Figure 3. Effect of DACi treatment on the replating efficiency of Sca1+/lin- HSC expressing AML1/ETO and PLZF/RARα. (A) Experimental strategy for studying the influence of the indicated DACi on the biology of murine HSCs. Sca1+/lin- BM cells were infected with the indicated retroviruses and plated in semi-solid medium with the indicated growth factors to determine the serial plating potential in the presence of either dacinostat or vorinostat. Replating efficiency of murine Sca1+/lin- HSC expressing mock (B), AML1/ETO (C) and PLZF/RARα (D) upon exposure to dacinostat (10 nM, 20 nM) or vorinostat (1 µM, 2 µM). Numbers of platings (first to sixth) and CFU numbers are provided. Error bars show means of triplicates with SEM, n = 3.

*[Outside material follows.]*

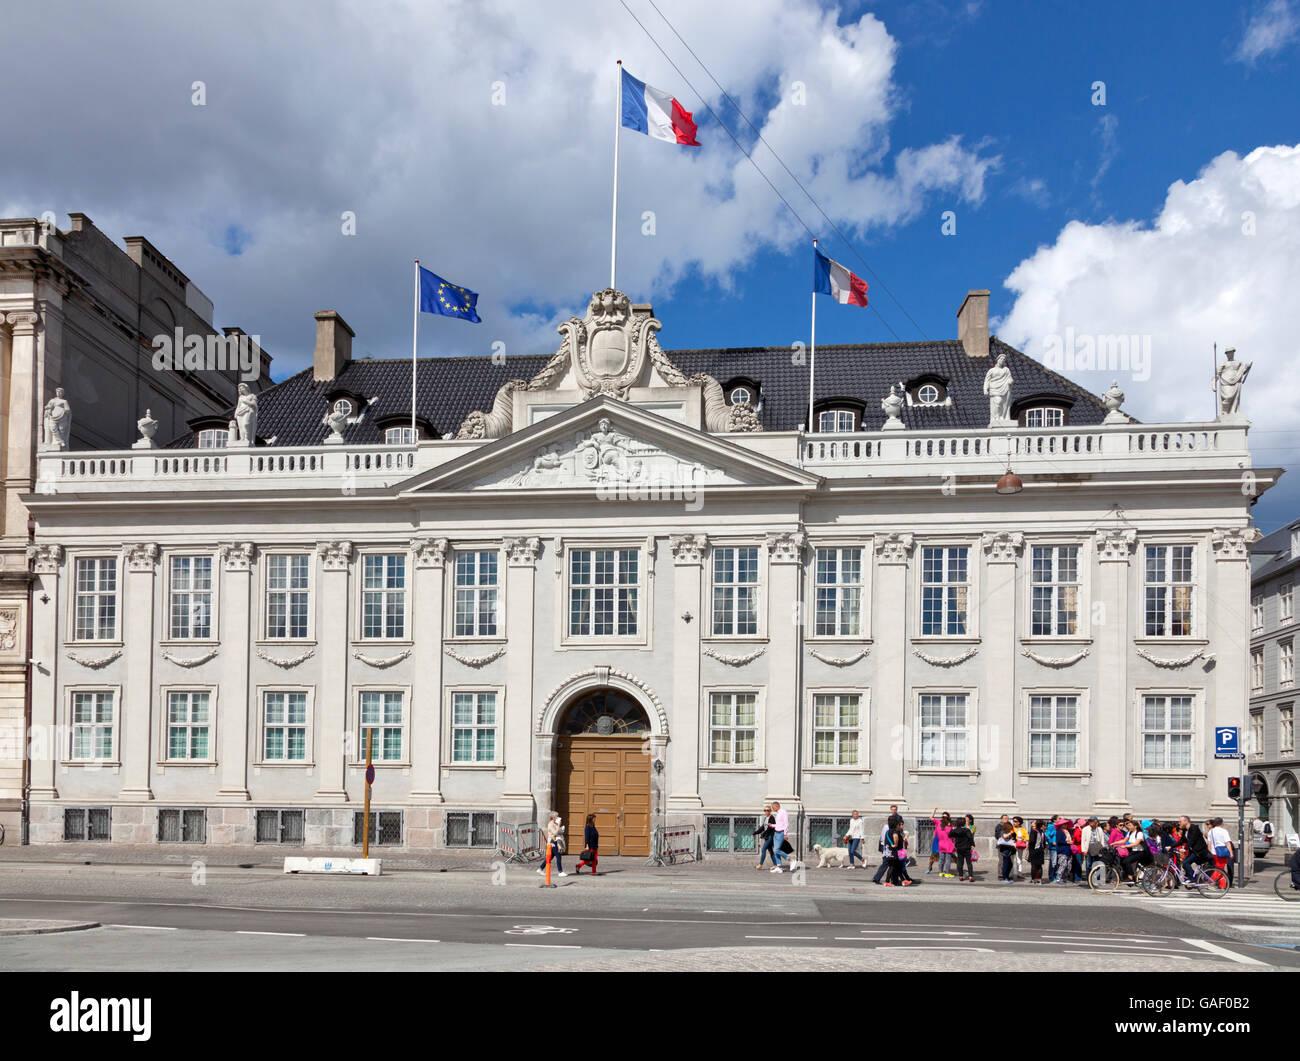 The French embassy at Kongens Nytorv in Copenhagen in the Thottske Palæ (the Thott Mansion) - Stock Image

DACi decrease BMI1- und c-MYC protein expression in LAFP-positive 32D cells
We next aimed to examine the effect of DACi on c-MYC as a potential mechanism underlying LSC targeting in LAFP-positive cells. Due to a limited amount of Sca1+/lin- HSC, AML1/ETO or PLZF/RARα-transduced 32D cells were used for western blot analyses. Treatment with dacinostat or vorinostat for 48 h led to a dose-dependent reduction of c-MYC protein levels (Fig. 4A). The polycomb group protein BMI1 is another key player involved in regulation of the proliferative potential of leukemic stem and progenitor cells.22 Similar to c-MYC, BMI1 was also consistently reduced following DACi treatment. These inhibitory effects were observed in both LAFP- and mock-transduced 32D cells (Fig. 4A). As the cell cycle regulatory gene p21 is a known target of DACi treatment,23 we analyzed its expression and found it to be increased in LAFP-positive and mock 32D as expected (Fig. 4B).
Figure 4. Effect of DACi on Wnt target genes in Mock, AML1/ETO and PLZF/RARα expressing 32D cells. Infected 32D cells (mock, AML1/ETO and PLZF/RARα) were cultured in the presence or absence of dacinostat (10 and 20 nM) or vorinostat (1 and 2 µM) for 48 h. (A) Nuclear extracts were prepared. Protein expression of BMI1, c-MYC and Ac-H3 was assessed by western blot analysis with the indicated antibodies. (B) Q-RT-PCR analysis of p21 expression. Results are represented as 2-ΔΔCT values. Internal reference gene was GAPDH. One representative experiment is shown.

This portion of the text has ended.